--- Task material Enclosed Below ---

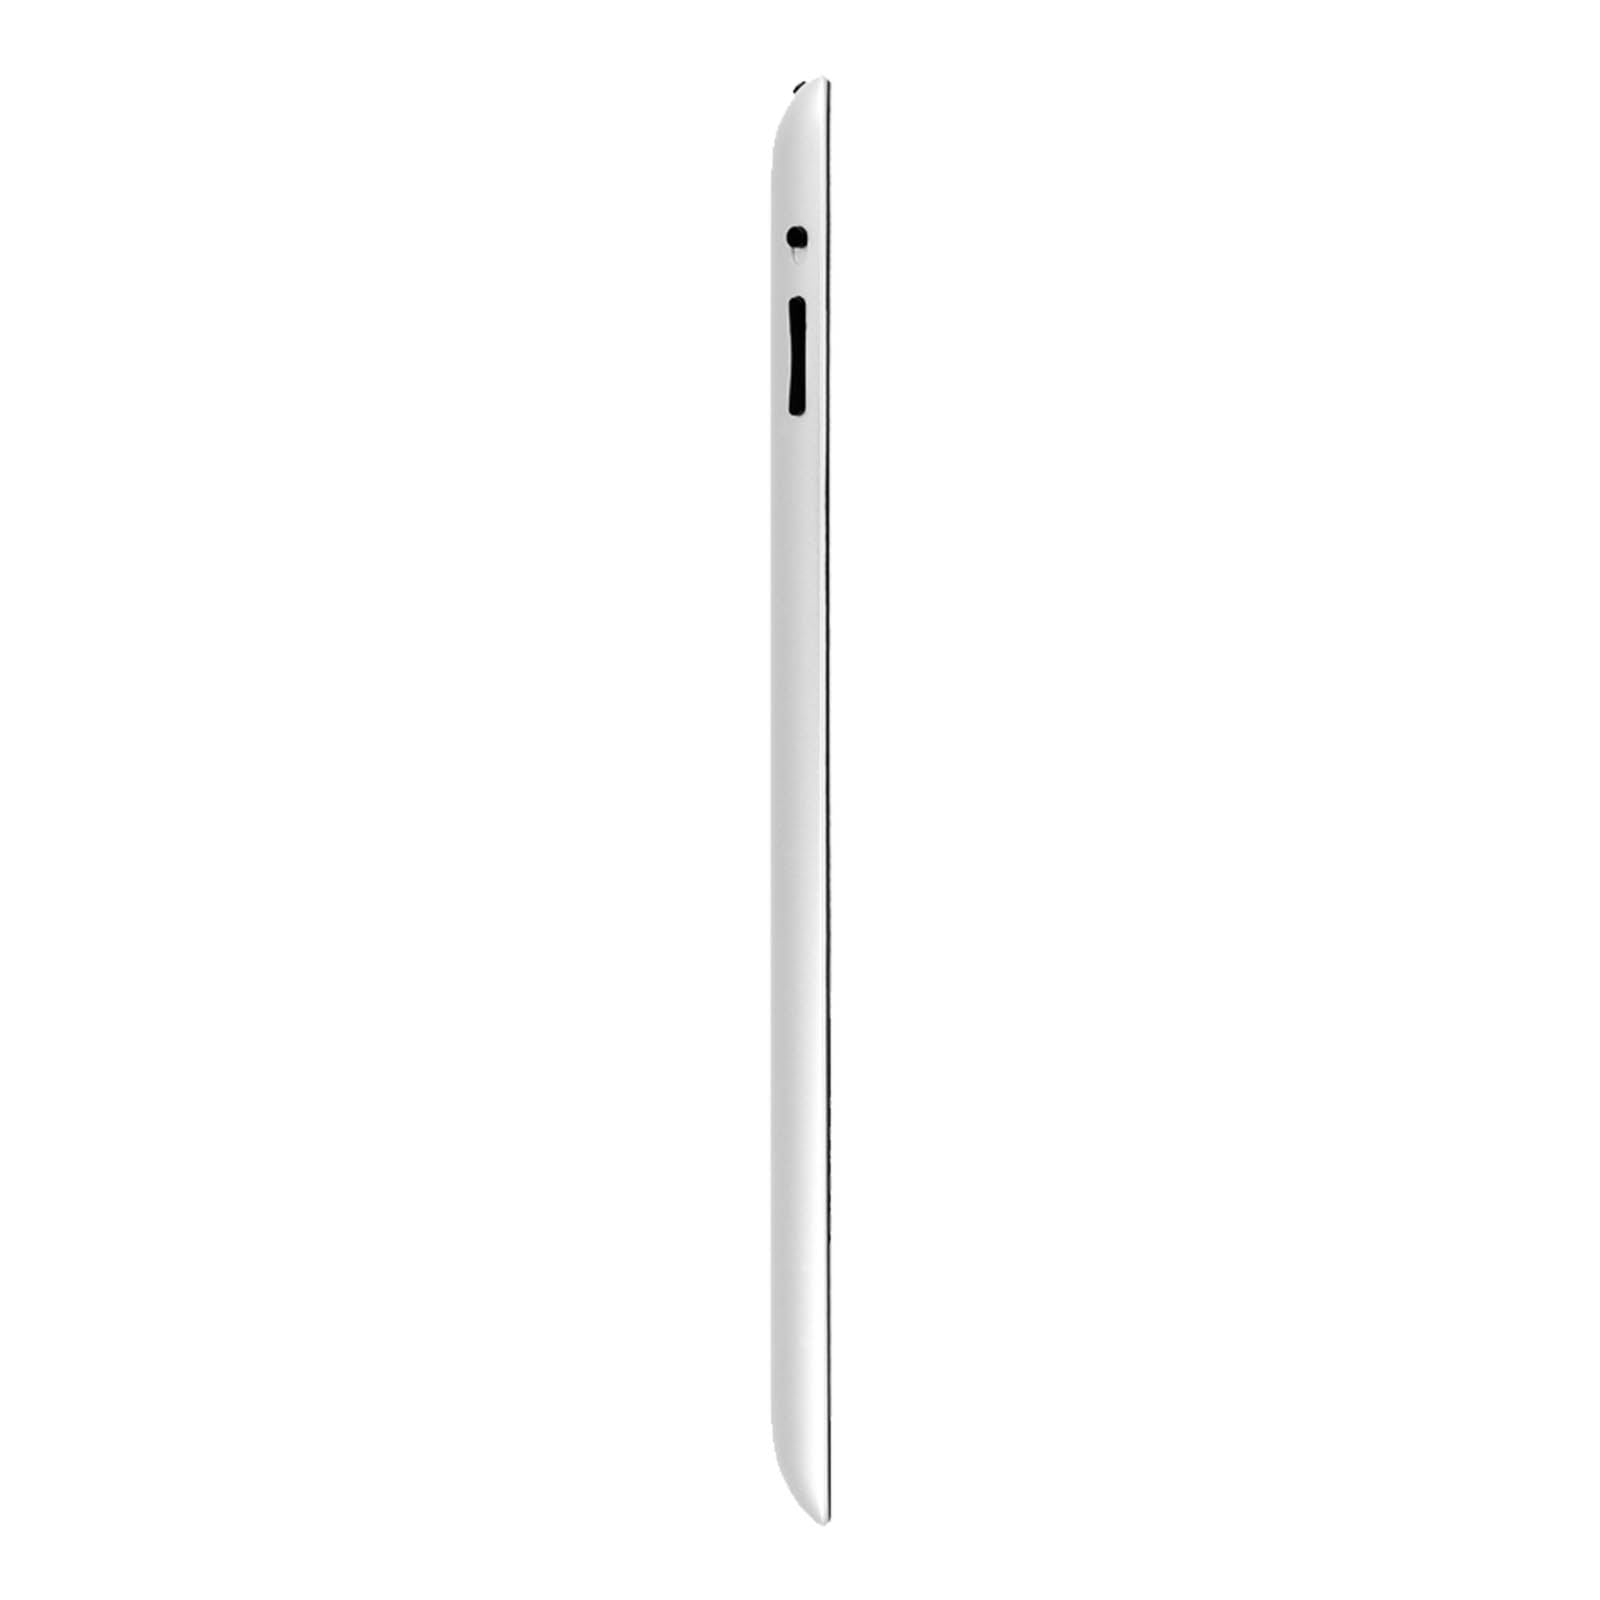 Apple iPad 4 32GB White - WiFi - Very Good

--- End of Enclosed Task material ---
--- Task material Enclosed Below ---

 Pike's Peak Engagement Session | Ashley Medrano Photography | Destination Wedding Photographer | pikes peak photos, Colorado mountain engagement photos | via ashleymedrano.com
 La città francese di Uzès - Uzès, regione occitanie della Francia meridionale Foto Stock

--- End of Enclosed Task material ---

● Problem requirements
From the material above, set down exactly the lines starting at the one with "Pike's Peak Engagement" and ending at the one with "La città francese", end lines included.

● Result of the task
 Pike's Peak Engagement Session | Ashley Medrano Photography | Destination Wedding Photographer | pikes peak photos, Colorado mountain engagement photos | via ashleymedrano.com
 La città francese di Uzès - Uzès, regione occitanie della Francia meridionale Foto Stock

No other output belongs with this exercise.